1. Attempts to bind to yourself.
When a traditionally joyful bright event becomes a means of manipulation, pressure, one should not expect good things. Some get engaged to get a new lever of control. Any transgression of the partner is perceived with hostility, accompanied by the threat “If you (not) … (any desire of the abuser), then I will break off the engagement”, which causes fear in the victim. This fear makes you obey the manipulator, causes an acute sense of guilt, self-doubt.
A similar situation occurs if one of the couple is not sure of the fidelity of the other (not the fact that there are reasons for such suspicions), while he must leave somewhere. For example, a guy going to the army, or a girl going to study in another city, may arrange an engagement to bind a partner to herself, and not out of love.
2. Parent word.
The old custom of negotiating the future marriage of one’s children even at their unconscious age, without their consent, seems barbaric to modern times. And it is all the more terrible that such a tradition still operates in some communities. Parents promise to marry their children when they grow up, without even realizing the tragedy of such a decision.
This usually happens in very religious or dysfunctional families. Although sometimes everything is much more banal.
- Two women gather, one has a son, the other has a daughter, the same age as the guy.
- Start dreaming about what it would be likeaboutIt’s a good idea to marry the kids when they grow up.
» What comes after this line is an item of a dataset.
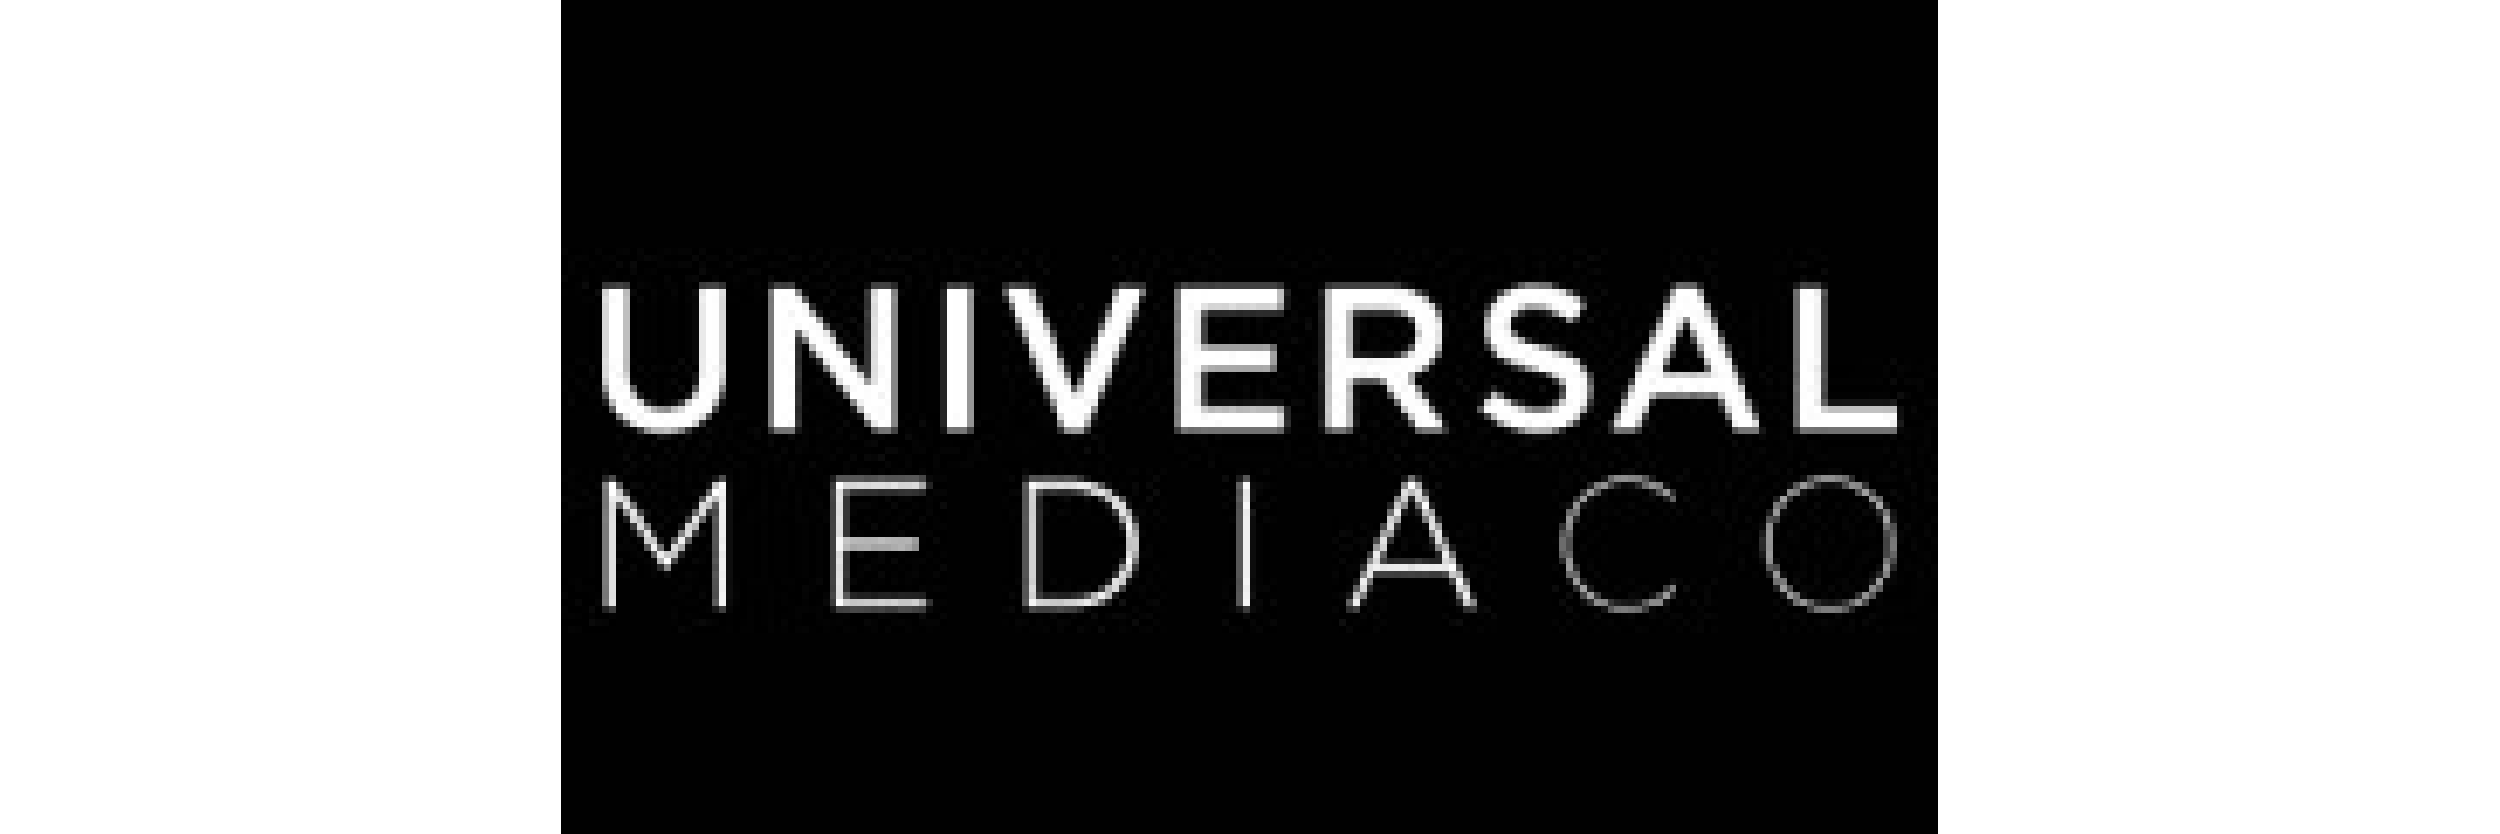 Universal Media logo

- Children really grow up, find other partners in general.
- Mothers do not adequately perceive the choice of adult children, as they are morally determined to see their friend’s son/daughter as a son-in-law/daughter-in-law.
Why not an example of parental pressure? Engagement is the decision of lovers, not their relatives, acquaintances or even strangers.
If, already at the stage of the relationship, thoughts arose that the partner might not be suitable, you don’t want to bind your fate with him, then there is no point in getting engaged. Yes, this is a way to delay time, to sort out your feelings, to observe longer. However, this is all done in the relationship, not in the next stages.
After the engagement, the natural step is to get married, not to think about whether to stay with the person or break up with him. This is a time of clear certainty, not doubt. To agree to such a step, being unsure, means brazenly setting up a potential spouse. You do not want to break off relations, but there are hesitation? Then it is better to say everything directly, calmly state the reason for the (temporary) refusal, continuing to meet.
4. Hope for change.
“As soon as we announce our engagement, he will treat me better”, “If I propose to her, she will improve” – thoughts leading to bitter disappointment. Betrothal is a new stage of merger, intimacy, but it does not magically transform people. An engagement ring does not fix relationship problems, and hoping for it is like deceiving yourself, voluntarily dragging yourself into problems.
Whether a couple needs an engagement is an individual decision of the lovers. Someone can arrange it only for the sake of entertainment, the beauty of the ceremony. For others, it is a symbol of spiritual rapprochement, a strict but reliable promise. It is important to understand that by arranging the betrothal, making it public, the partners voluntarily assume responsibility to society, the law, and each other directly. At the same time, understanding such an obligation only strengthens feelings, makes the family stronger.